Прибежала Татьяна Николаевна вместе с врачом. Они словно разбудили Бориса от этого сладкого оцепенения. Он сидел на краю кровати, держа Анну на руках.
– Анна, как вы? Что произошло? – врач попросил Бориса положить её на кровать и выйти из палаты. Тот беспомощно подчинился, выпустив свой драгоценный груз. Минут через пятнадцать врач покинул палату, разрешив Борису вернуться.
– Доктор, подождите! – он догнал врача, – как она? Скажите, я могу помочь больнице?
Врач озирался по сторонам, боясь назвать сумму.
– Мне нужно, чтобы эту женщину лечили самым лучшим образом, – Борис не стал дожидаться ответа и вытащил из бумажника пачку купюр. – Вам же нужен ремонт?
Врач кивнул, обещая лучшую заботу об Анне.
Борис уехал поздней ночью, когда она заснула. Бледная, измученная... Господи, она будто вынула из него сердце!
Прохладные кафельные стены выпустили его из своих объятий. Он сел в машину и закурил. Как тогда, в ночь перед смертью Наташи. Нет, её нельзя оставлять! Он просто не переживёт, если потеряет Анну! Утром его разбудил звонок отца.
– Боря, сегодня прилетает Отто, он хочет быть рядом с Анечкой. Как она, кстати? Ты доехал до больницы?

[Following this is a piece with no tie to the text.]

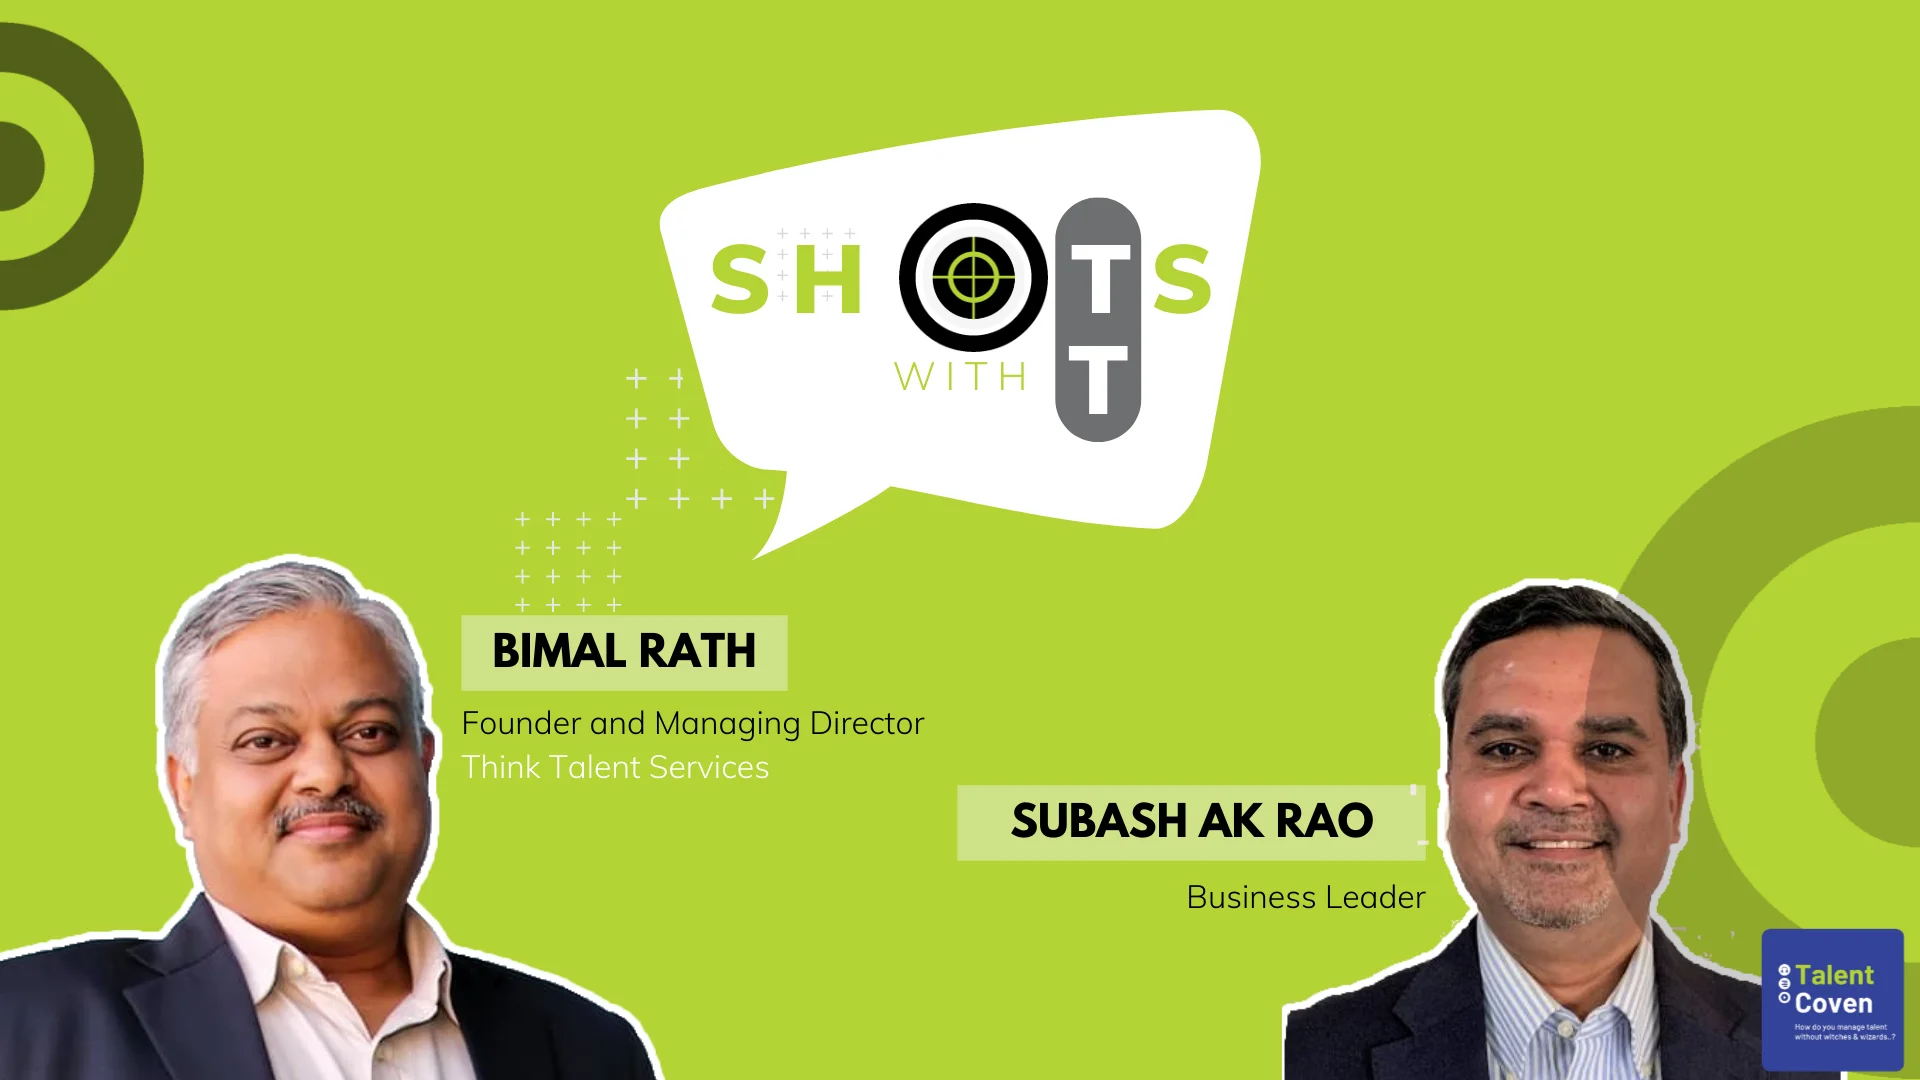 Podcast episode cover featuring Subash Ak Rao discussing Perspectives on HR impacts

– Пап, очень плоха она... – «черт, черт, вот нелёгкая принесла его!» – Борис был раздосадован этим известием. – Я туда сейчас поеду.
Он быстро собрался, чтобы успеть вырвать эту возможность быть возле неё до приезда уважаемого немецкого партнера. Украсть это право ненадолго, как когда-то она украла у него ночь любви…
Борис включил зажигание своего внедорожника. По дороге заехал купить ей цветы без резкого аромата, чтобы не усугубить отек.
В холле его встретил лечащий врач Анны, поблагодарив Бориса за помощь больнице.
– Борис Михайлович, спасибо вам огромное! – он начал показывать какие-то расчёты, сбивчиво поясняя, на что отделение собирается потратить полученные средства, только Борису это все было неинтересно.
– Скажите, как Анна? – его глаза выражали крайнюю обеспокоенность. Врач успокоил его опасения.
Борис теперь не хотел терять ни минуты. Время, которое он потратил на фарс, усмешки, на то незначимое, чем он сам себя окружал. Не хотел упускать ни минуты своей жизни. Настоящей жизни!
Он постучал в дверь палаты. Они отозвались обе – Анна и её мама. Борис вошёл, не скрывая улыбки. В руках – корзинка мелких анютиных глазок практически без аромата.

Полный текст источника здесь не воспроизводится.